Task instructions: From the first line to the last, restate the material word for word; pictures stay out.

Data section:
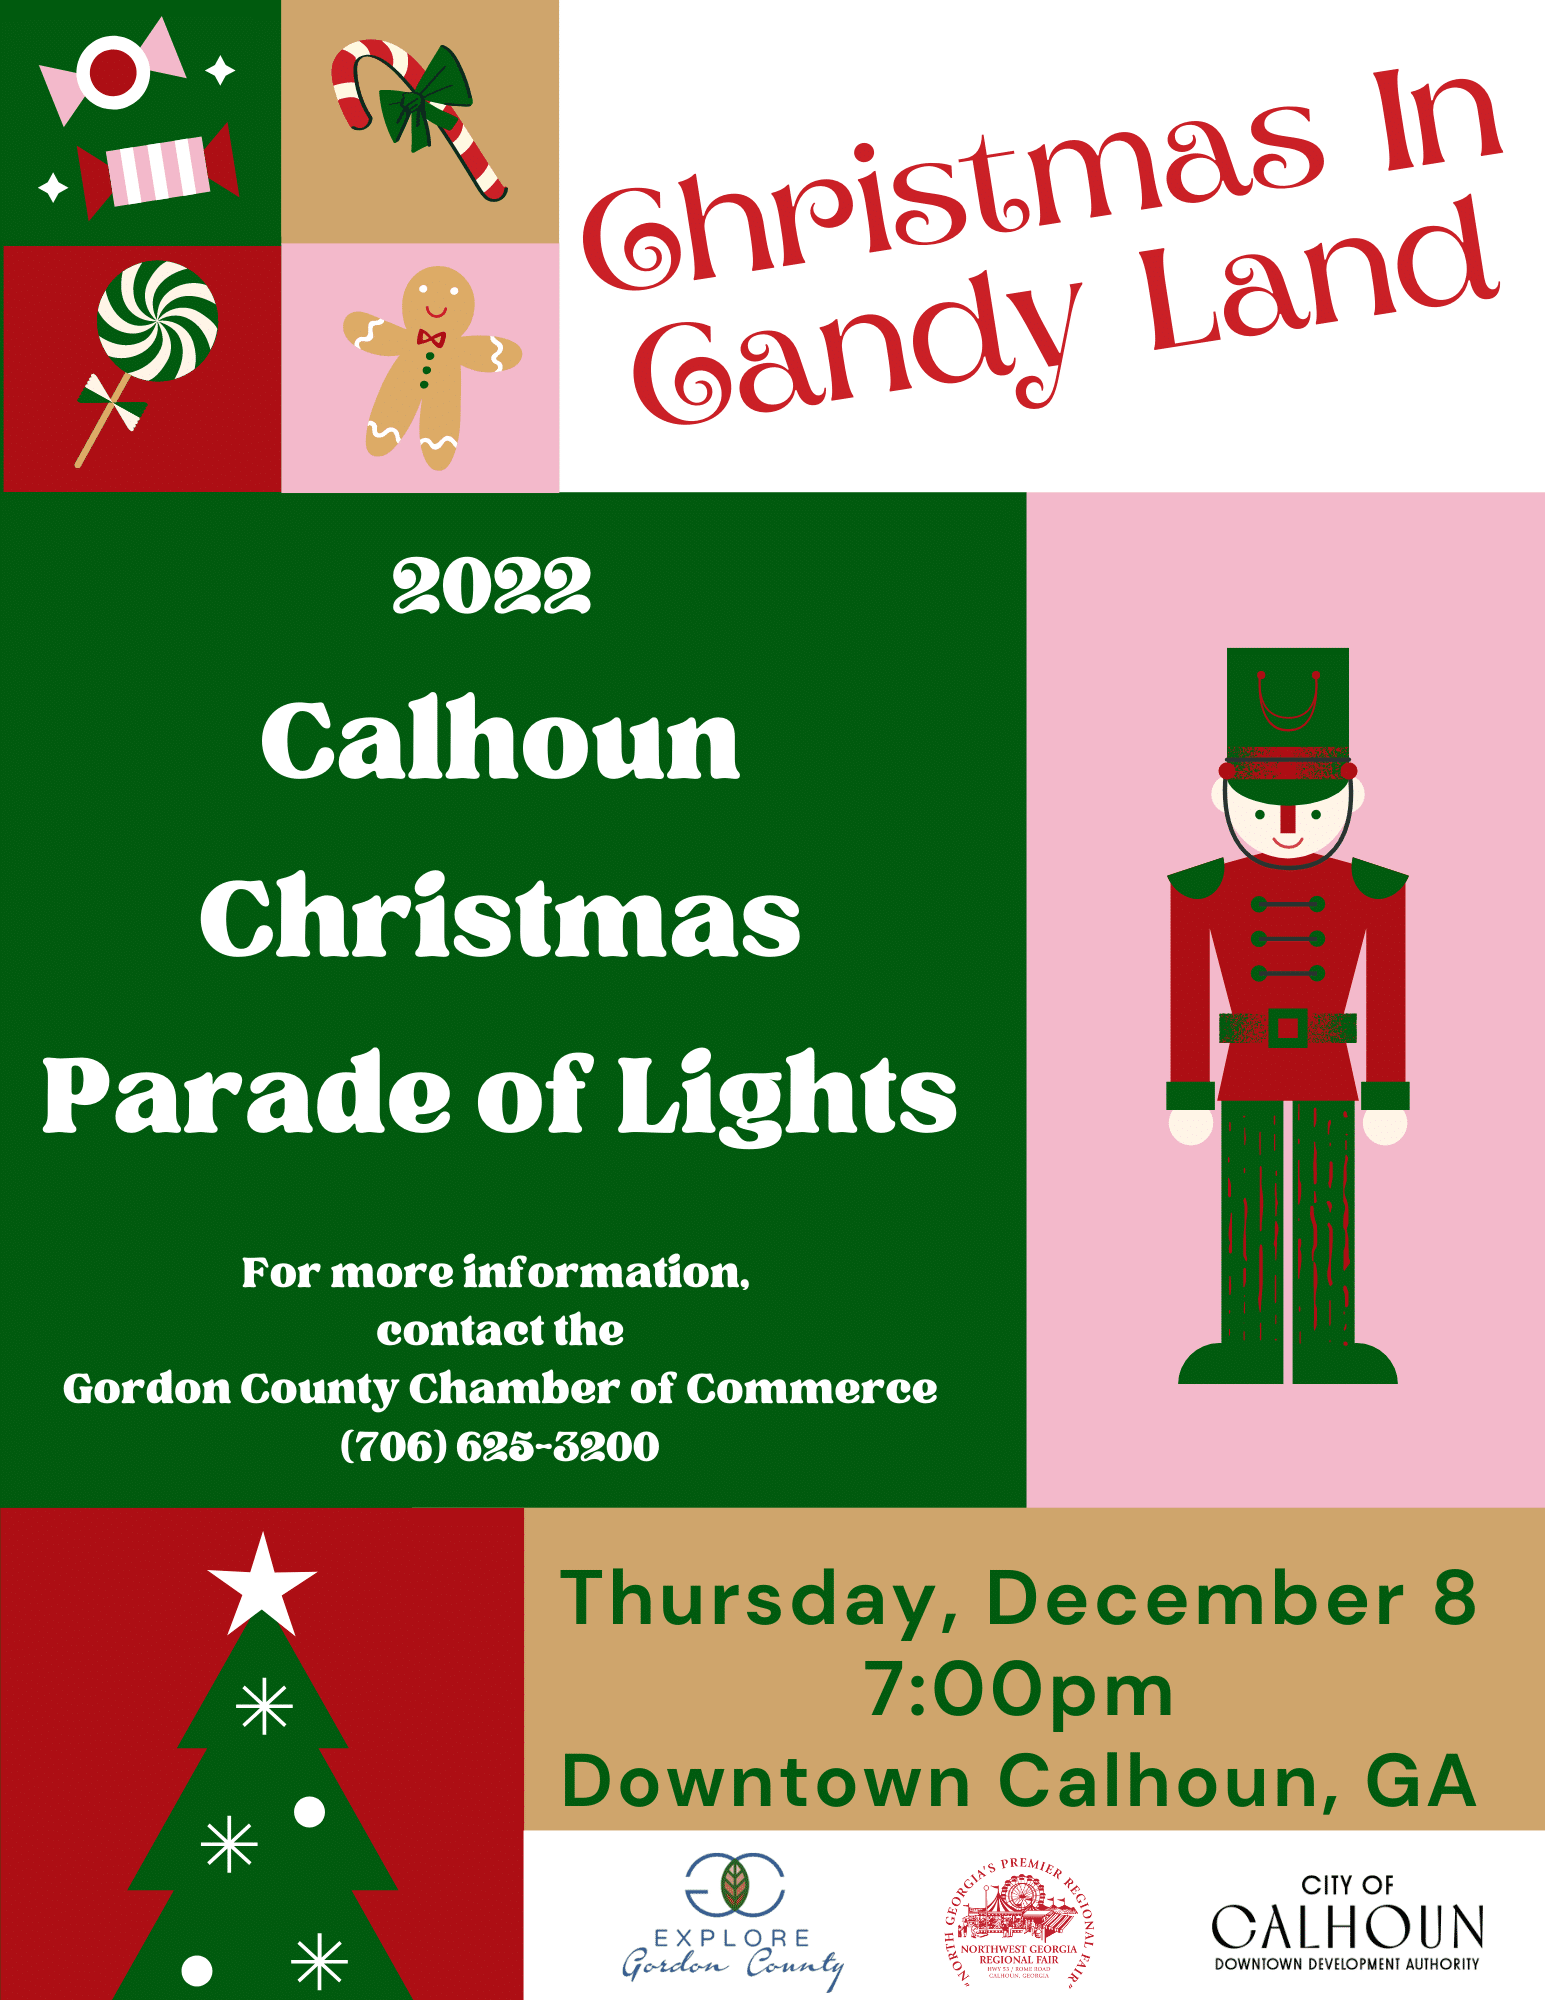 Calhoun's Christmas Parade of Lights
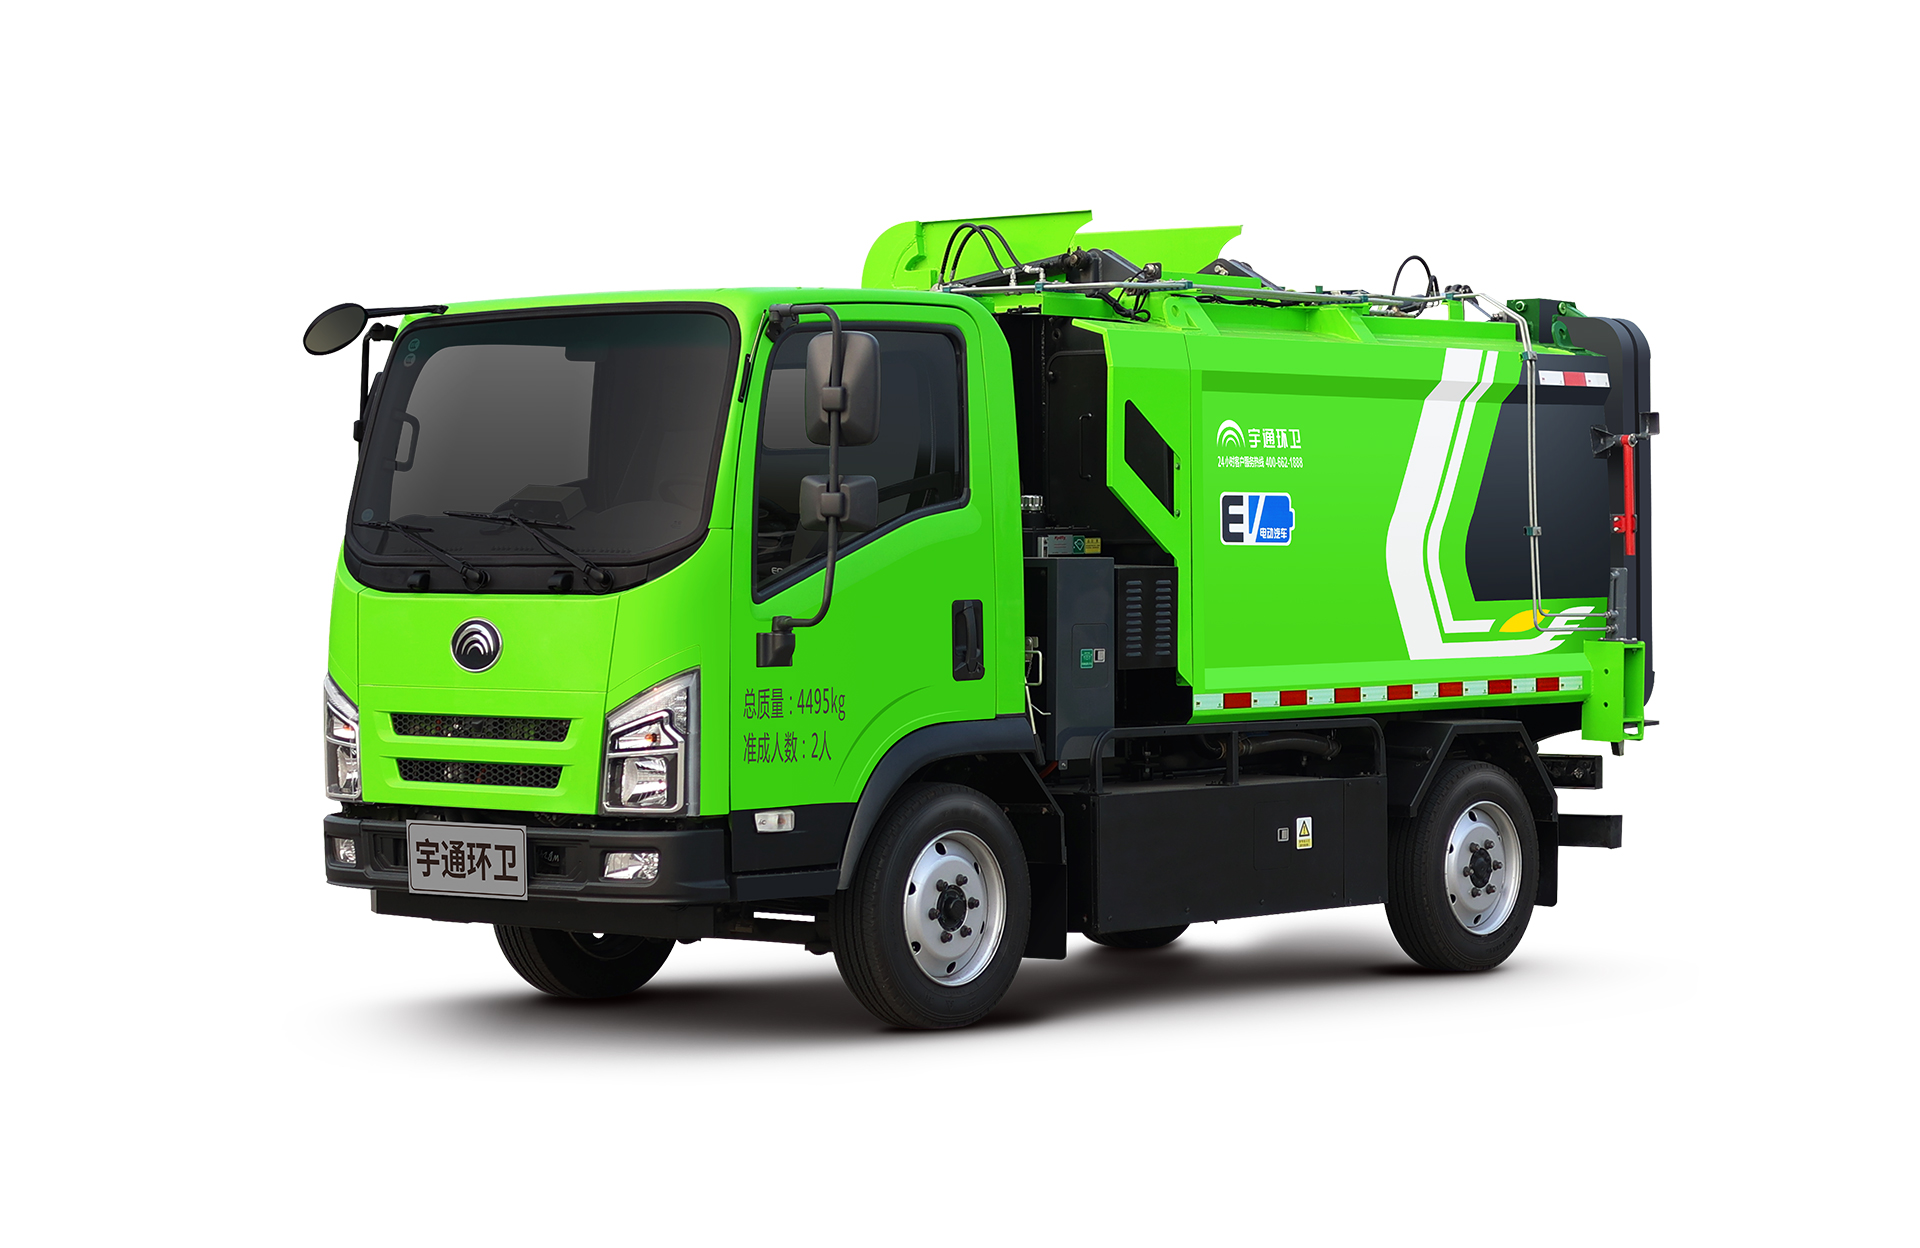 4t純電動自裝卸式垃圾車 宇通環衛自裝卸式垃圾車主要具備小巧靈活、密封性、裝載能力強等主要特點。
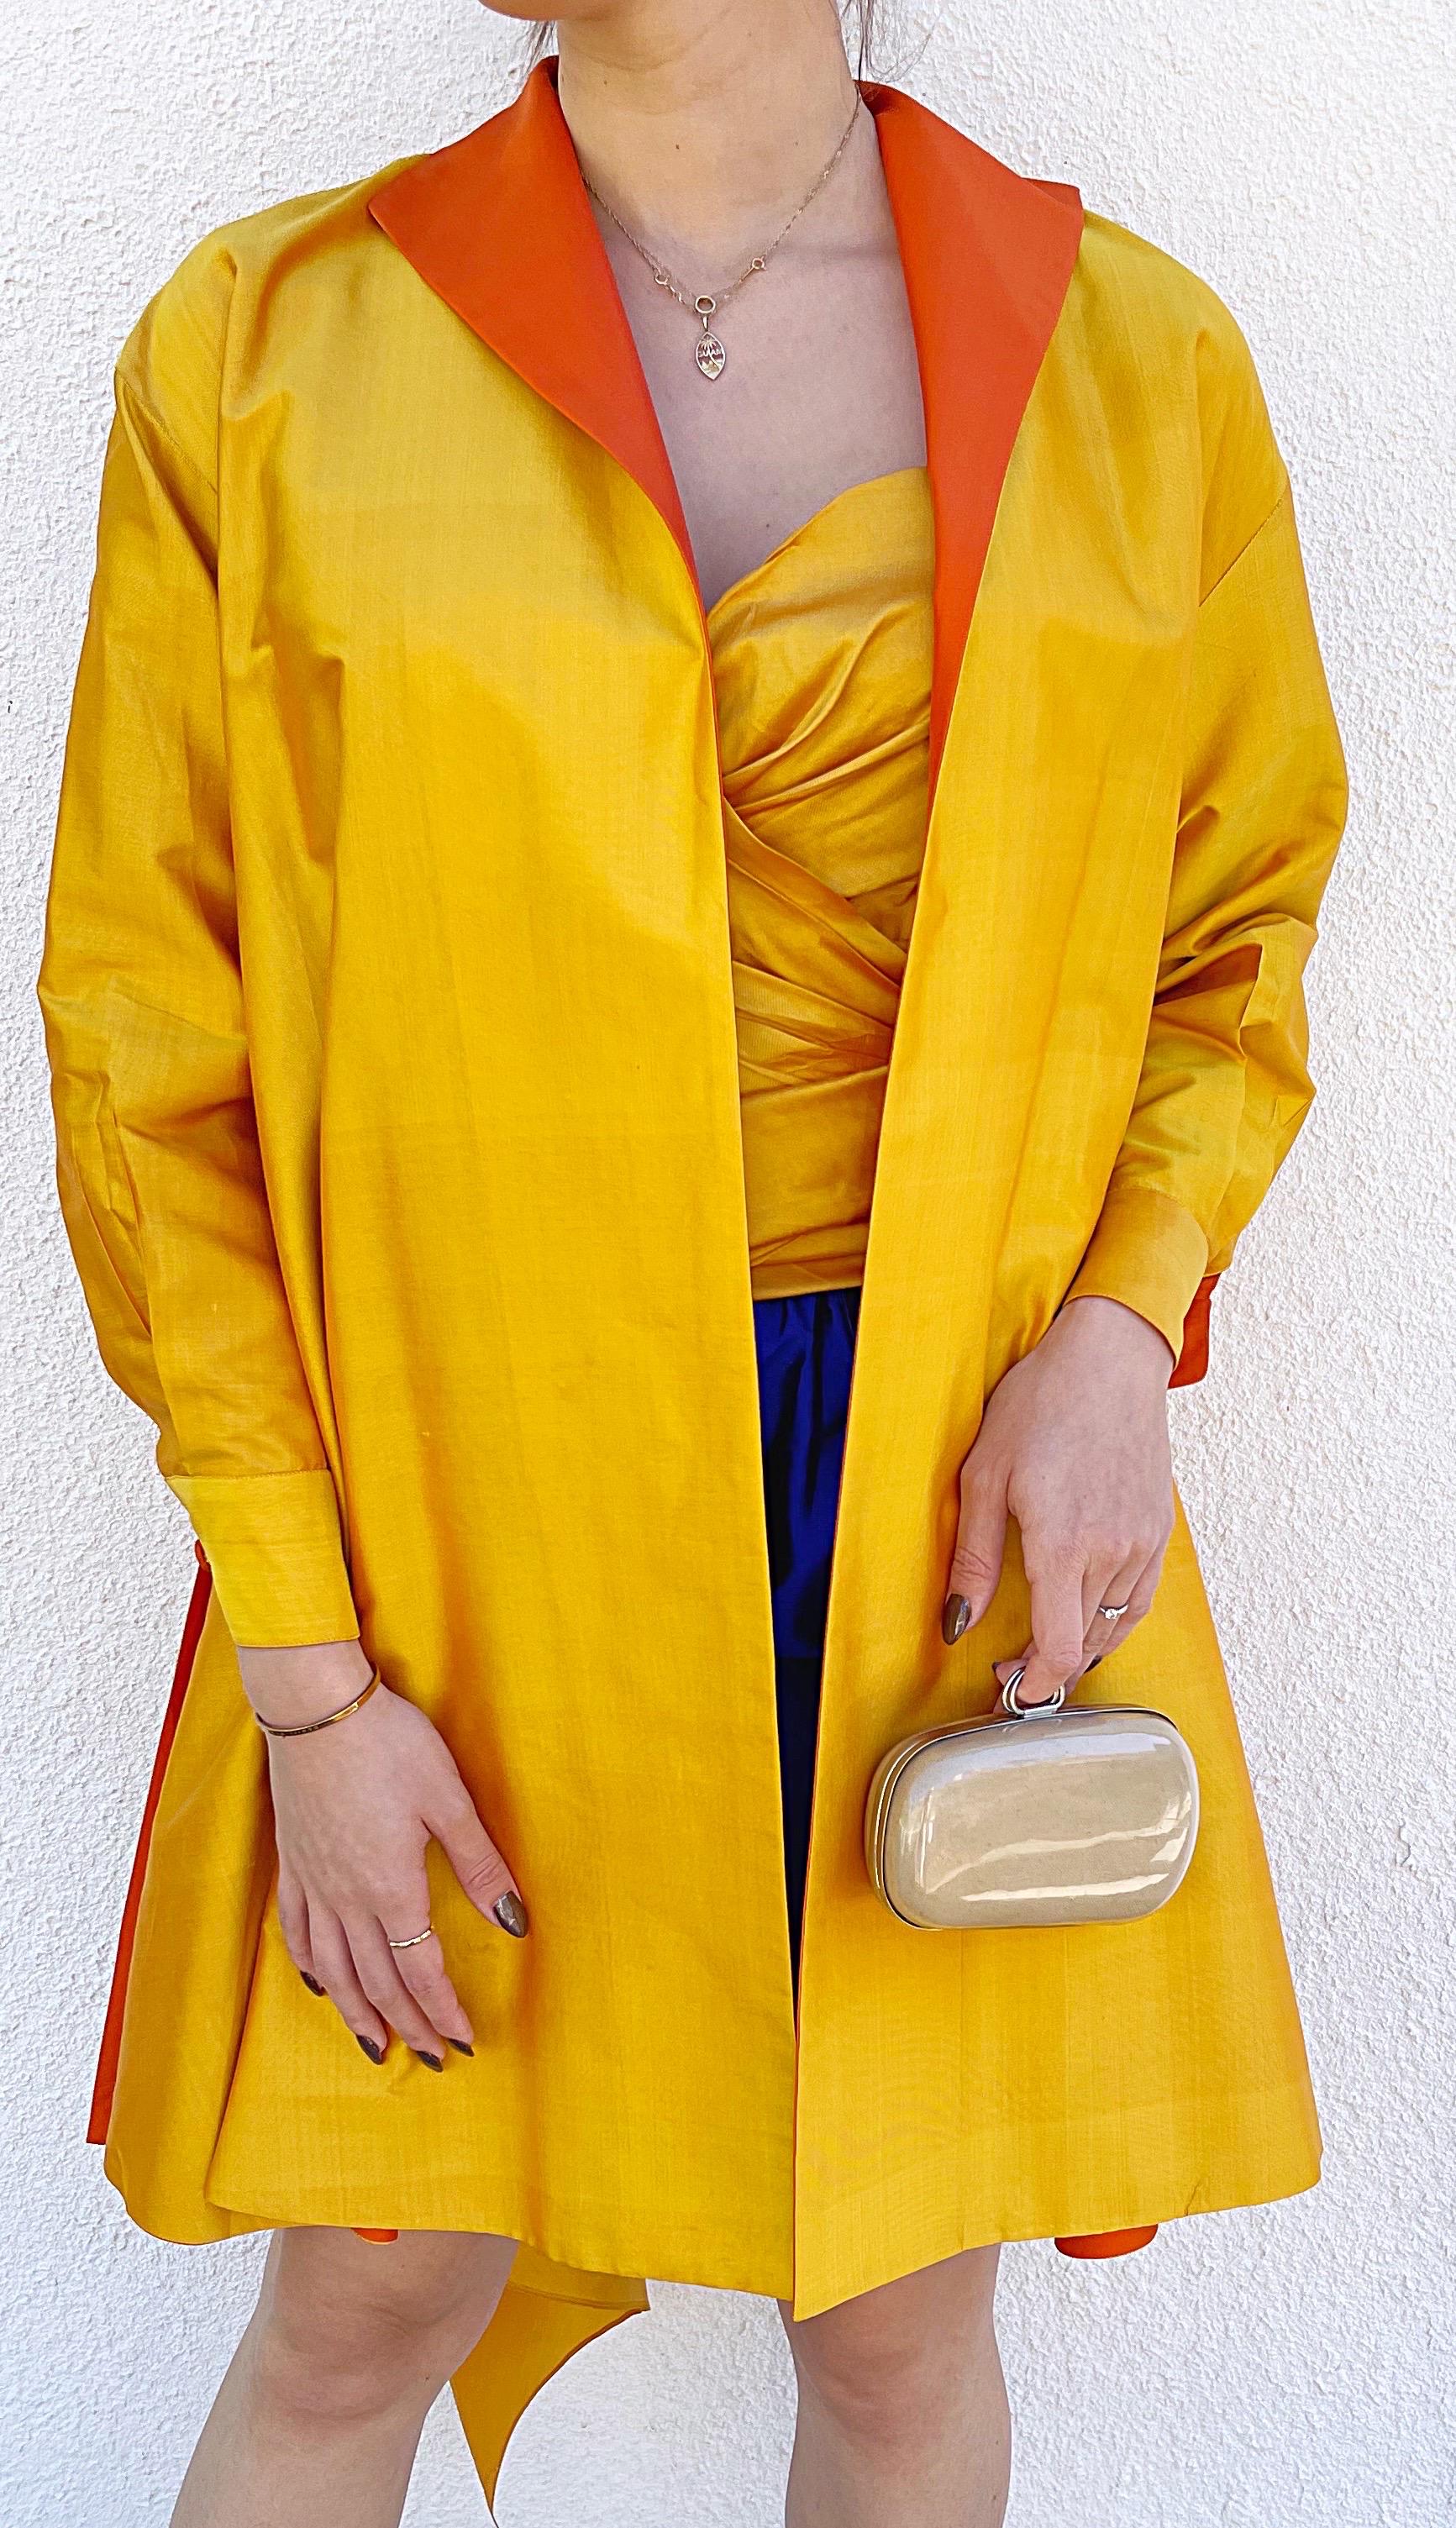 Donna Karan Spring 1987 Sz 2 Three Piece Yellow Orange Blue Bustier Skirt Jacket For Sale 6

Problem solution:
 Calhoun's Christmas Parade of Lights
 4t純電動自裝卸式垃圾車 宇通環衛自裝卸式垃圾車主要具備小巧靈活、密封性、裝載能力強等主要特點。
 Donna Karan Spring 1987 Sz 2 Three Piece Yellow Orange Blue Bustier Skirt Jacket For Sale 6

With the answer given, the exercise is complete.